» Prompt
Repeat the data exactly as given below, dropping every picture.

» Material provided
***

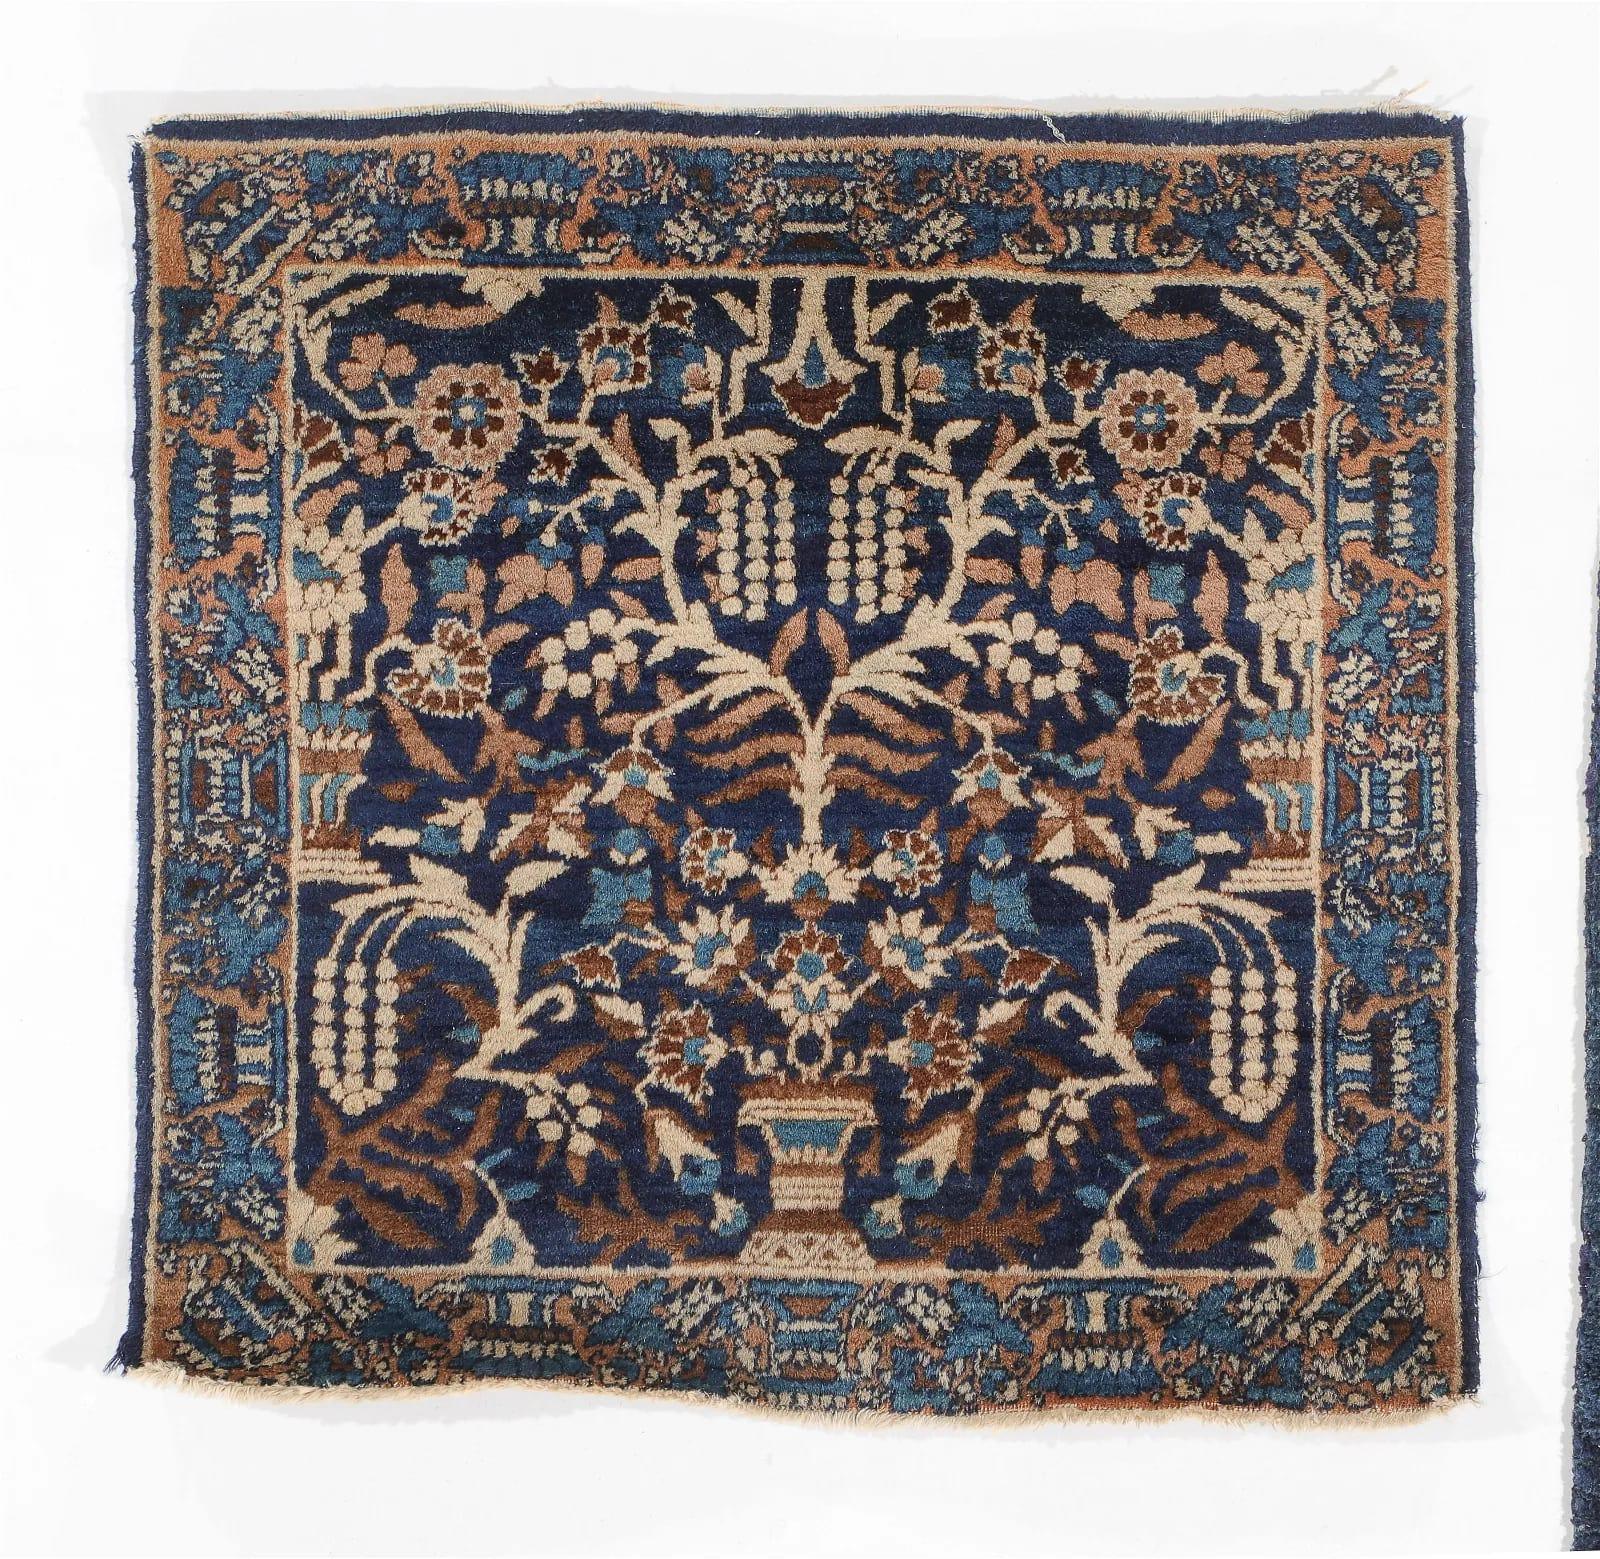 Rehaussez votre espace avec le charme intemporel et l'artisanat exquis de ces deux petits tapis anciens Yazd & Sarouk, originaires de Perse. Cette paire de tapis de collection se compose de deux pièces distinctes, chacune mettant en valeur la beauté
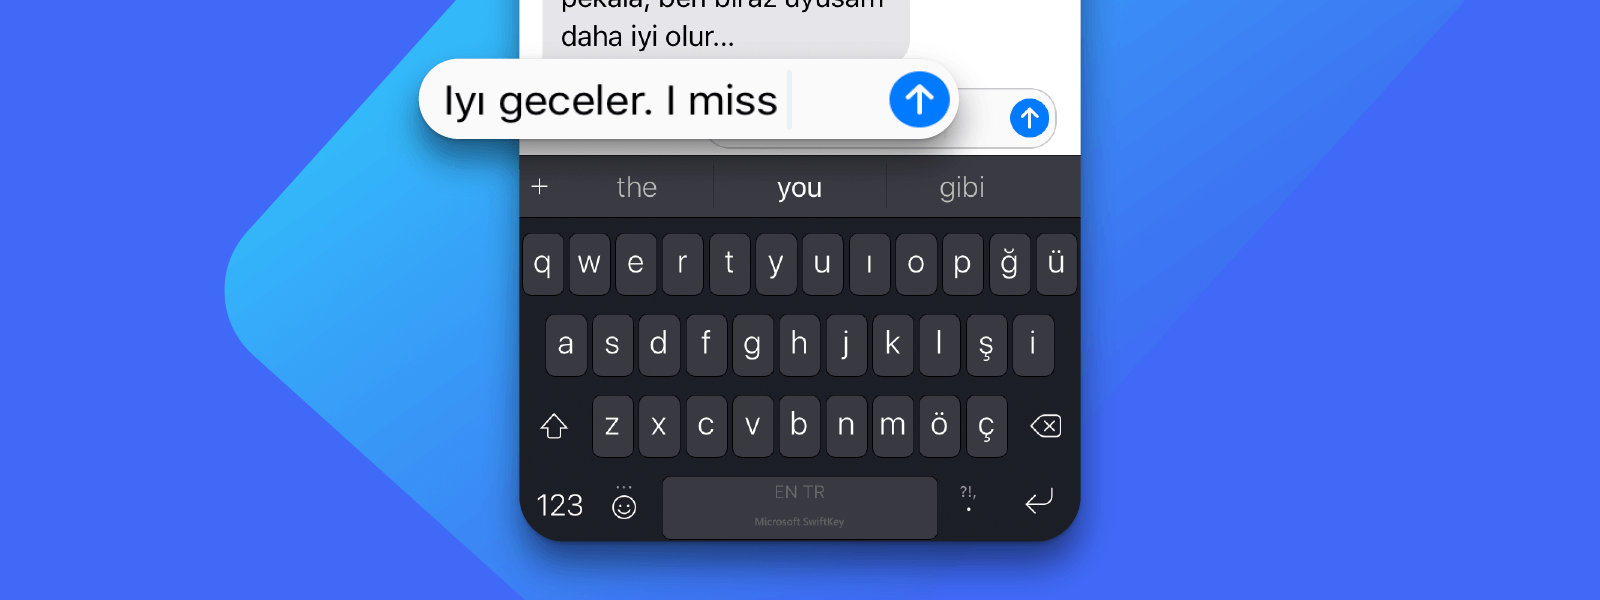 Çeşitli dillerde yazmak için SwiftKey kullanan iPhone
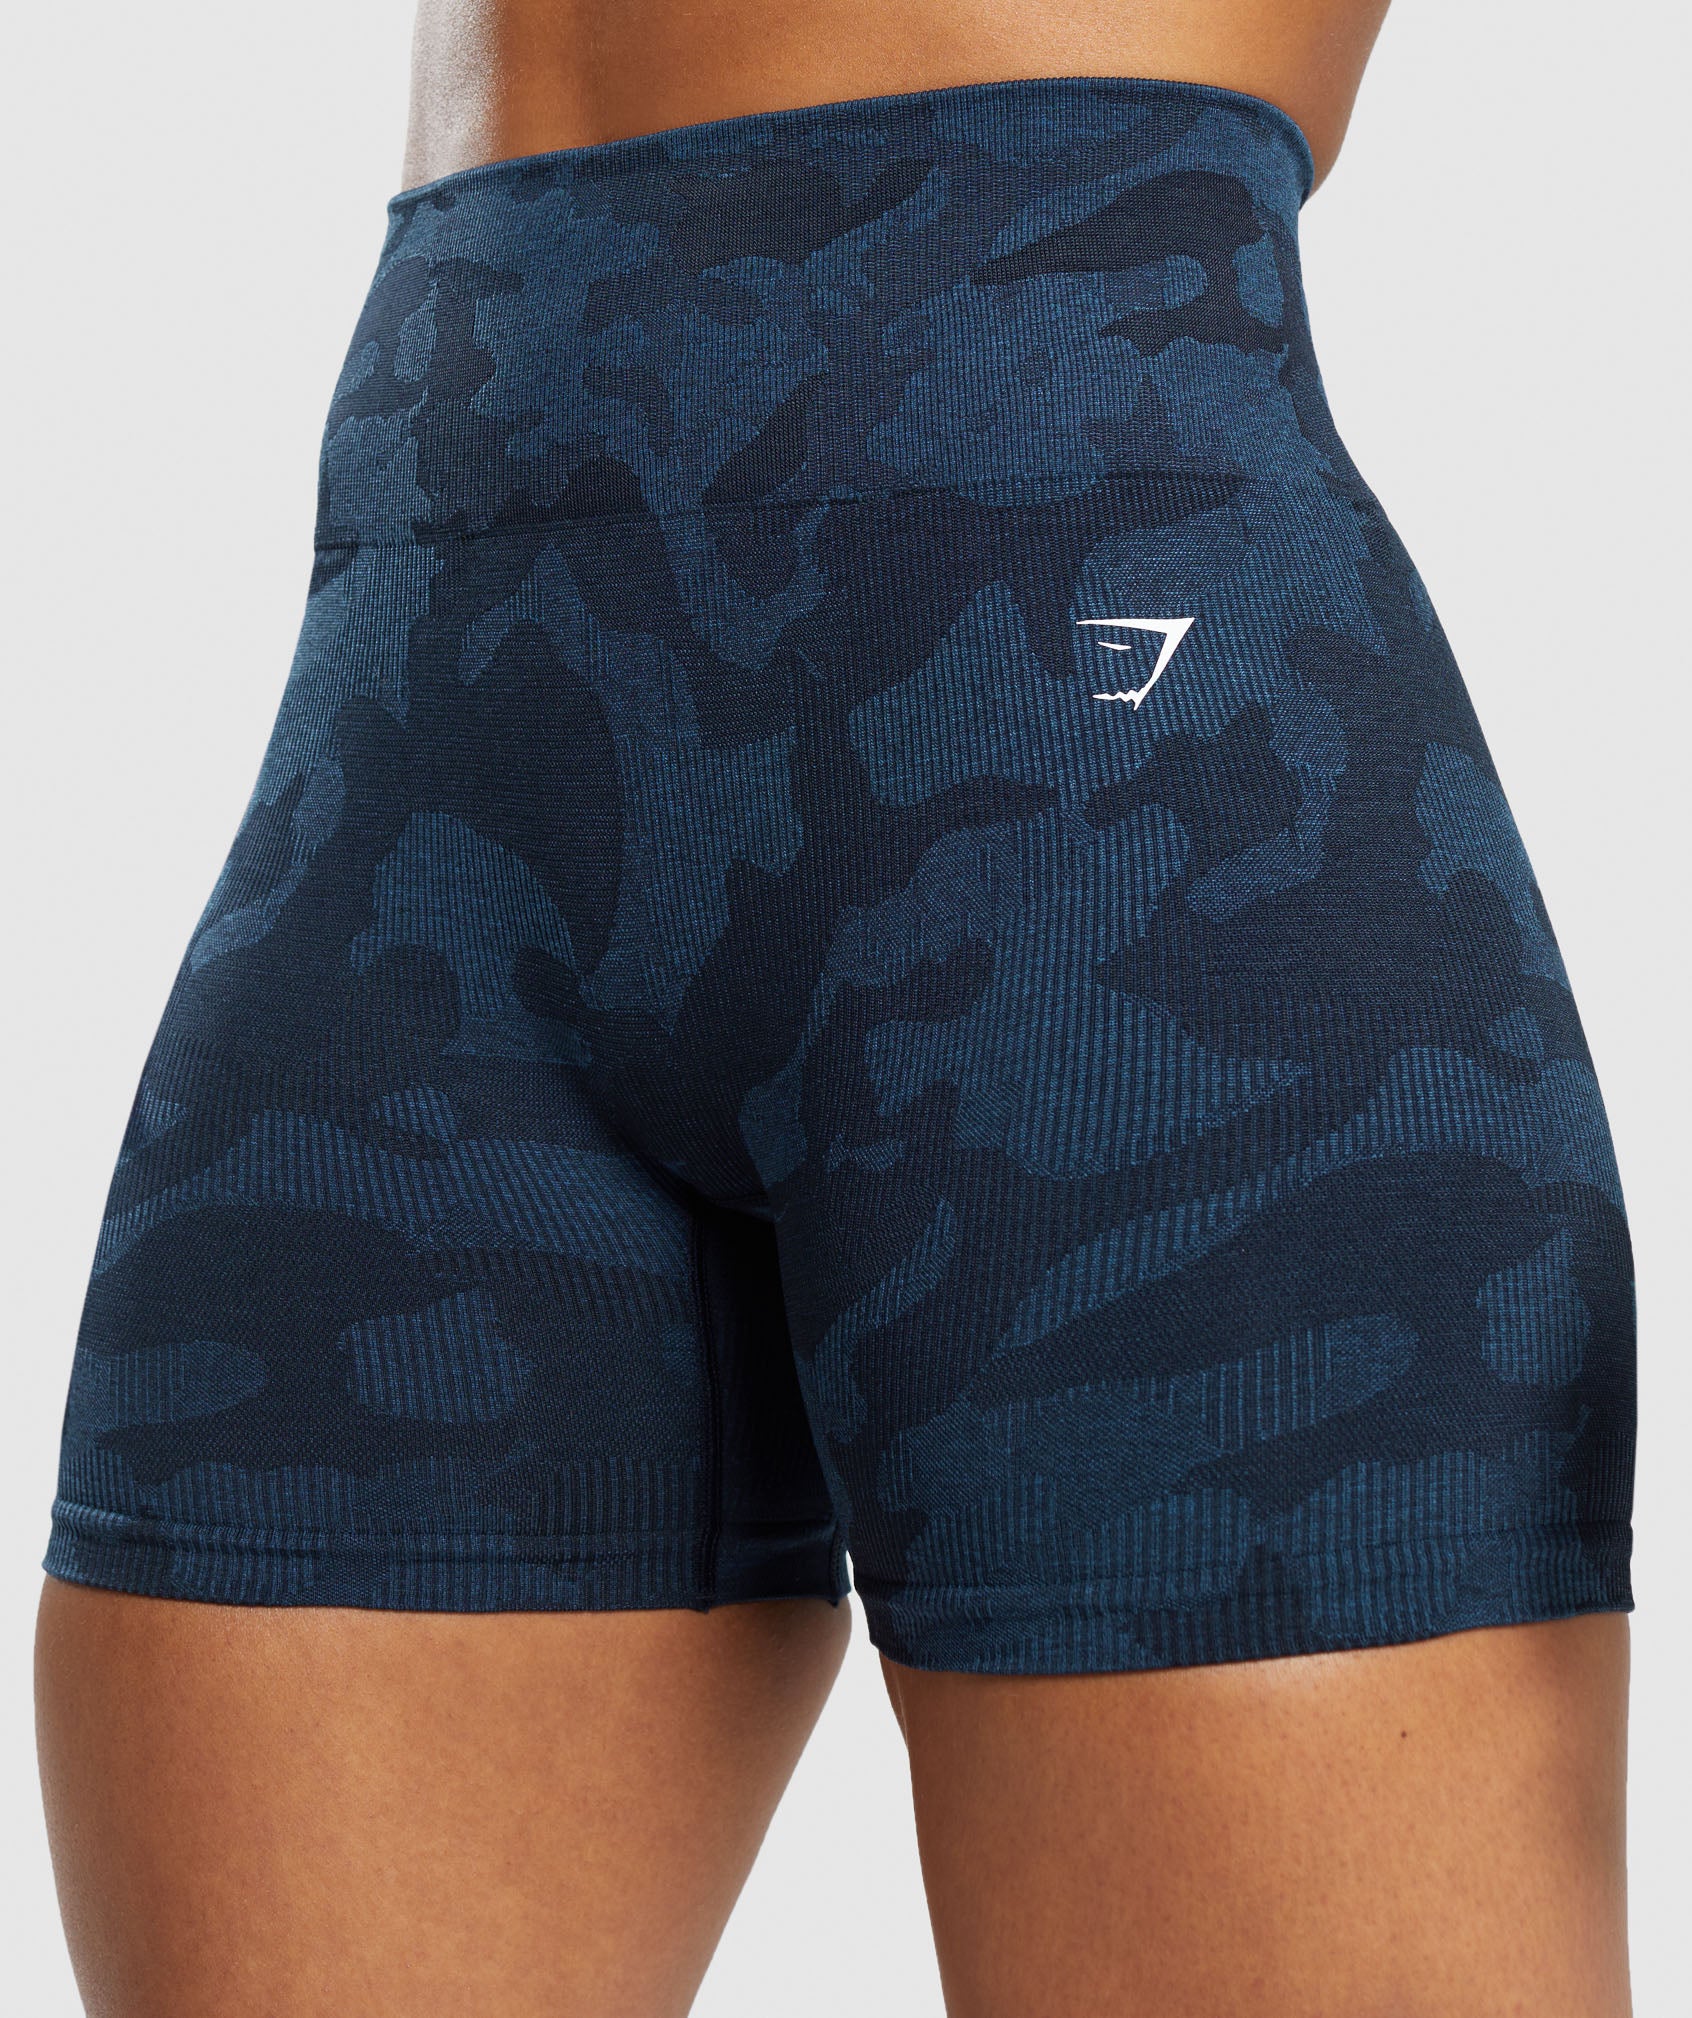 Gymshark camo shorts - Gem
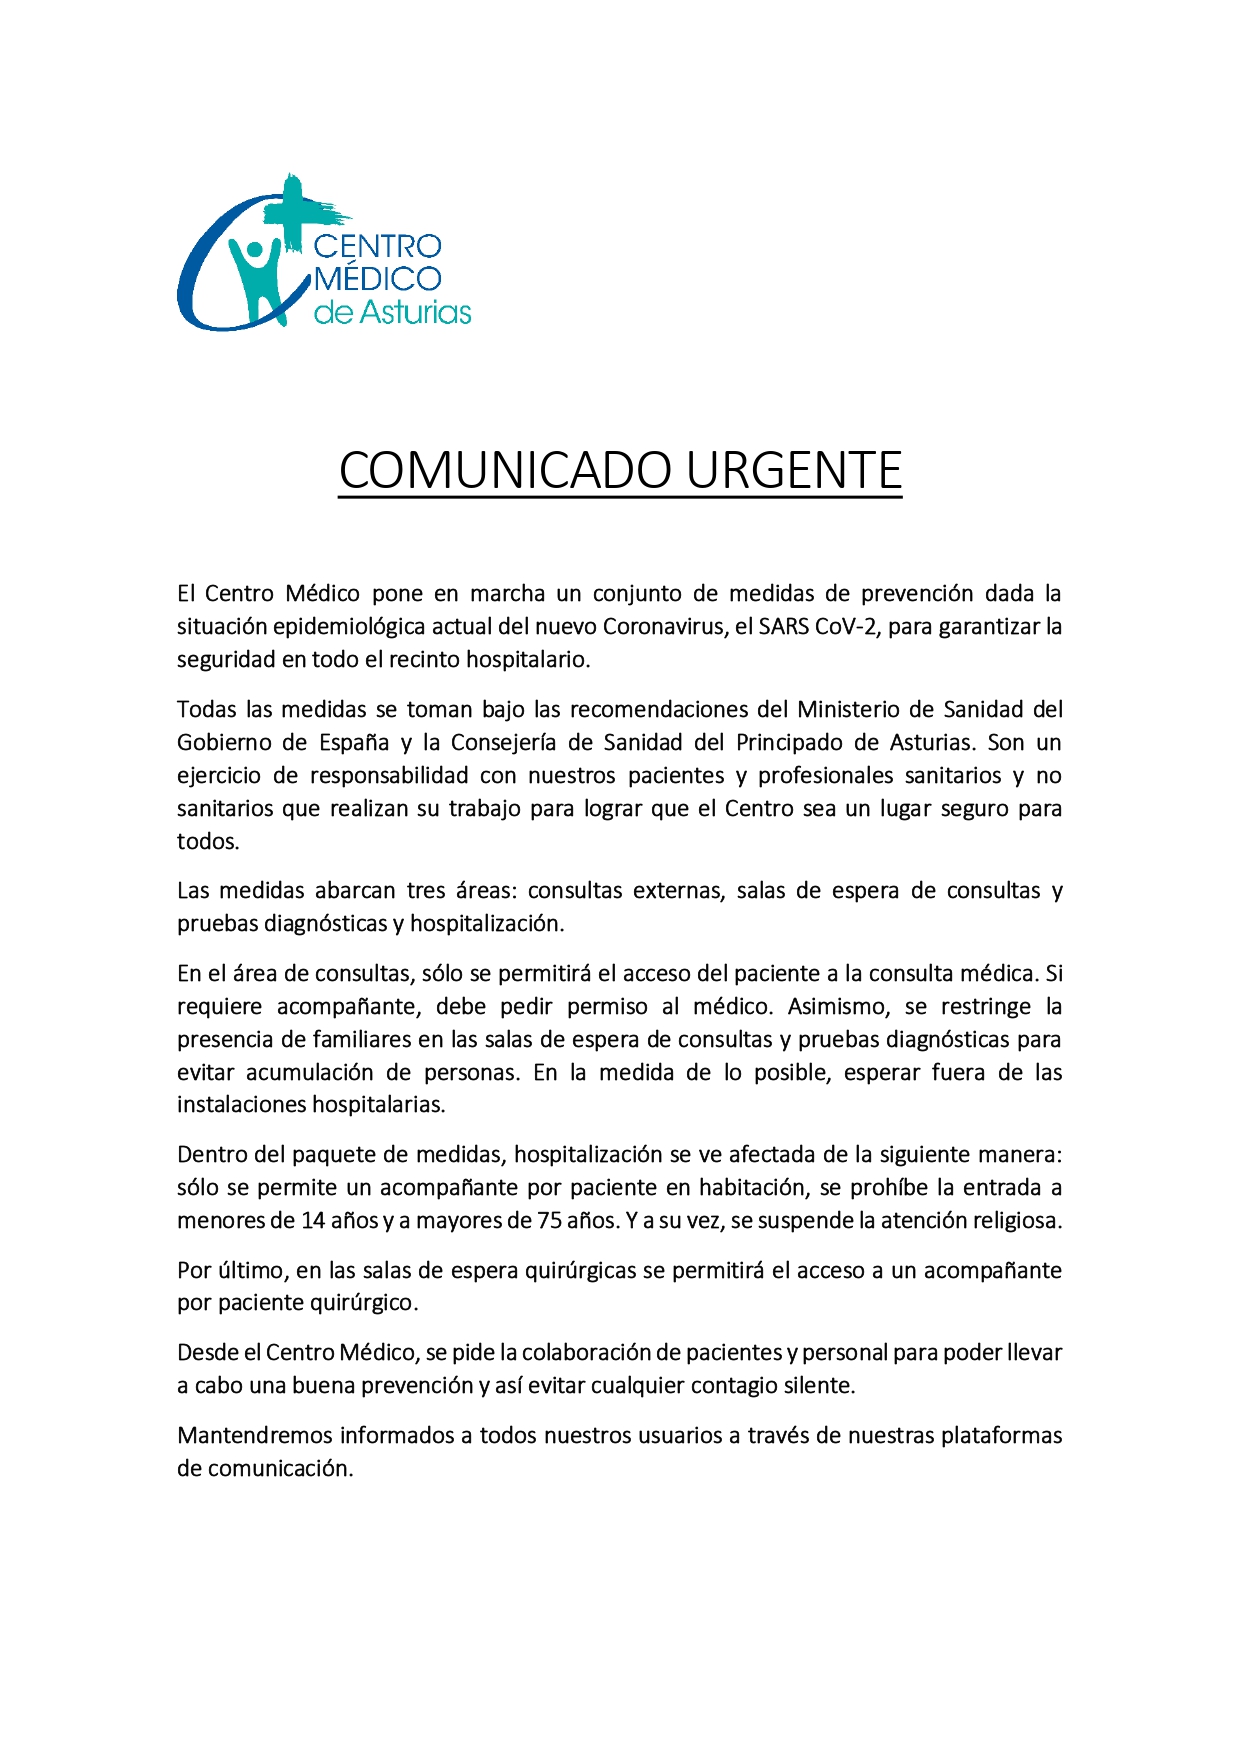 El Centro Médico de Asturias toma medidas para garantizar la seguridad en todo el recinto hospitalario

***

» Result for this exercise
 Rehaussez votre espace avec le charme intemporel et l'artisanat exquis de ces deux petits tapis anciens Yazd & Sarouk, originaires de Perse. Cette paire de tapis de collection se compose de deux pièces distinctes, chacune mettant en valeur la beauté
 Çeşitli dillerde yazmak için SwiftKey kullanan iPhone
 Gymshark camo shorts - Gem
 El Centro Médico de Asturias toma medidas para garantizar la seguridad en todo el recinto hospitalario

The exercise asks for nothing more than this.